What you have to do —
Print the lines that run from the line with "Egemenlik ve Çocuk" to the line with "みんなの予想大会:テレ玉杯オーバルスプリント(浦和)2021", keeping both end lines, exactly as they appear in the entries below, and nothing else.
[[ Data provided open ]]
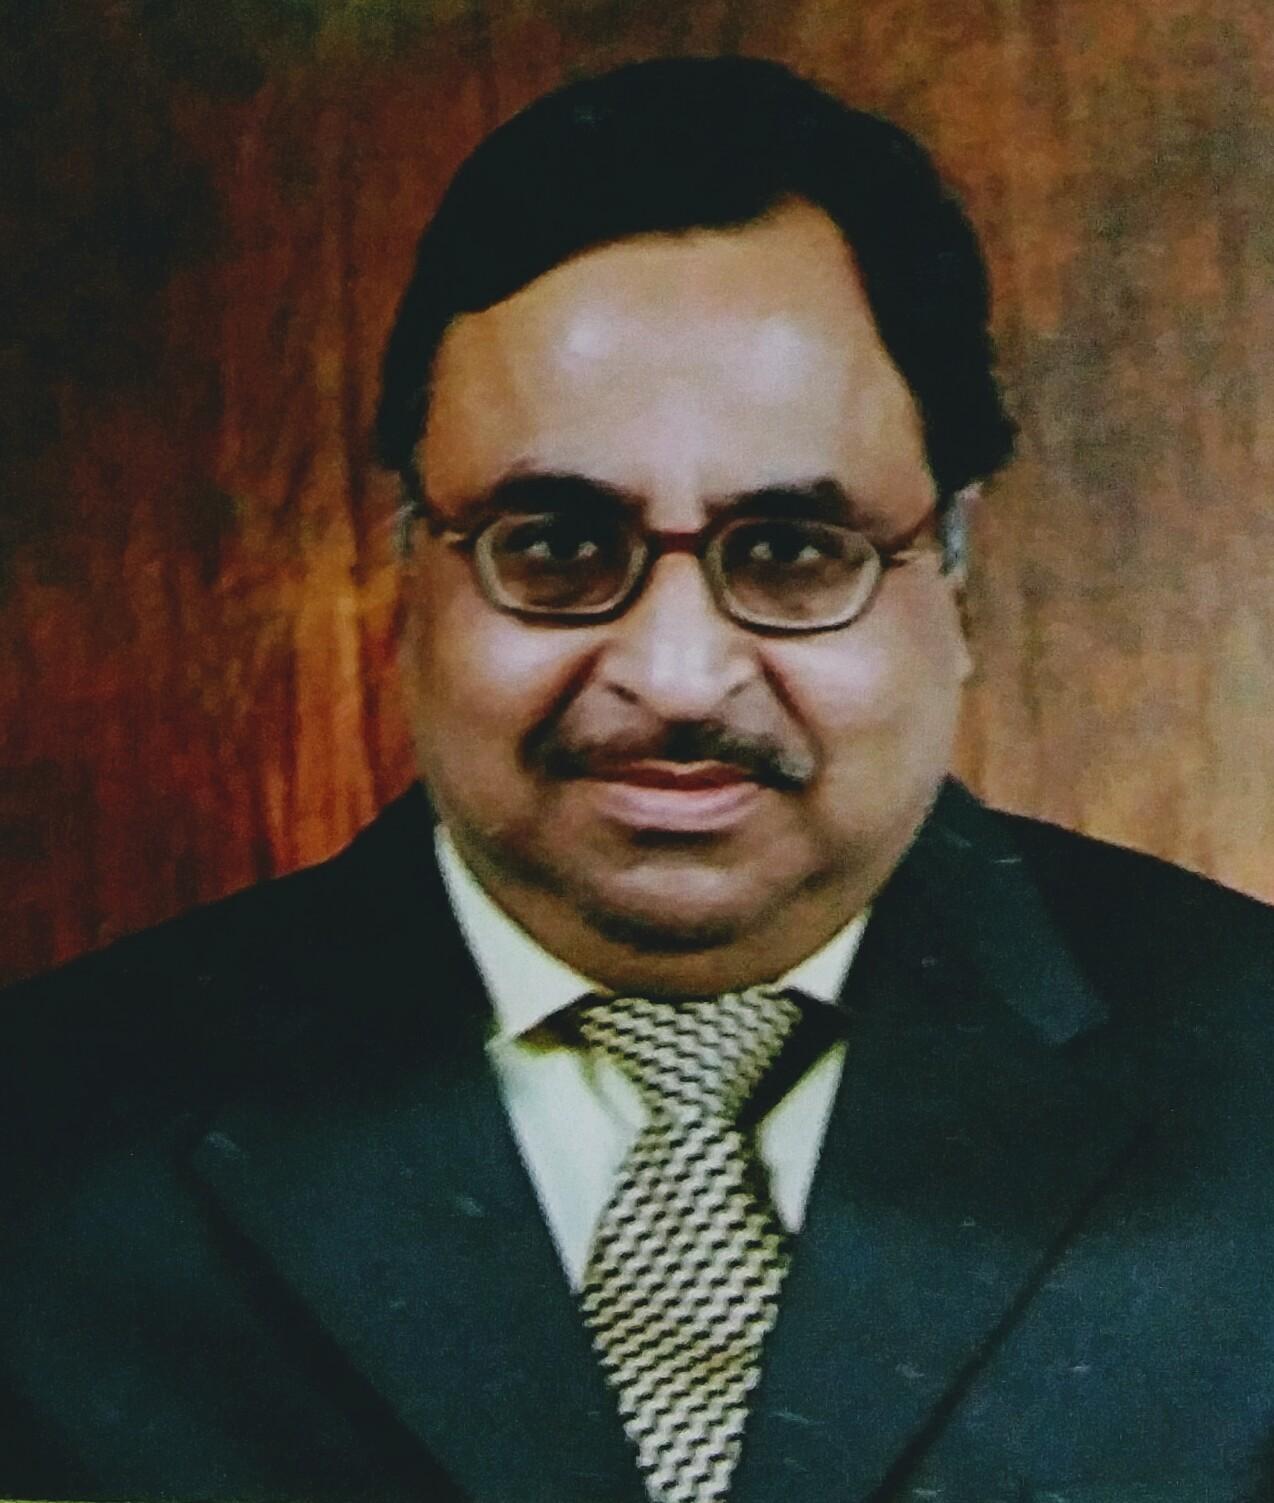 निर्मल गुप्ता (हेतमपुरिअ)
[[ Data provided closed ]]
[[ Data provided open ]]
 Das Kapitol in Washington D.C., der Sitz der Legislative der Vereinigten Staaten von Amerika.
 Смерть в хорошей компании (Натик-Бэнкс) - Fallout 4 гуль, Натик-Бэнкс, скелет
[[ Data provided closed ]]
[[ Data provided open ]]
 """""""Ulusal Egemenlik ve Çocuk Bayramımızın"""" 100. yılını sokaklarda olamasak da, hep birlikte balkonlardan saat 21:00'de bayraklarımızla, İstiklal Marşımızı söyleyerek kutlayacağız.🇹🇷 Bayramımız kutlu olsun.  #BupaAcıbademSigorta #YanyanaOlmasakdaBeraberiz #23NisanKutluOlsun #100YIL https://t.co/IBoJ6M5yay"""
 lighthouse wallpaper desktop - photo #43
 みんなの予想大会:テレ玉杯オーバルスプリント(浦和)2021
[[ Data provided closed ]]
Solution to the exercise —
 """""""Ulusal Egemenlik ve Çocuk Bayramımızın"""" 100. yılını sokaklarda olamasak da, hep birlikte balkonlardan saat 21:00'de bayraklarımızla, İstiklal Marşımızı söyleyerek kutlayacağız.🇹🇷 Bayramımız kutlu olsun.  #BupaAcıbademSigorta #YanyanaOlmasakdaBeraberiz #23NisanKutluOlsun #100YIL https://t.co/IBoJ6M5yay"""
 lighthouse wallpaper desktop - photo #43
 みんなの予想大会:テレ玉杯オーバルスプリント(浦和)2021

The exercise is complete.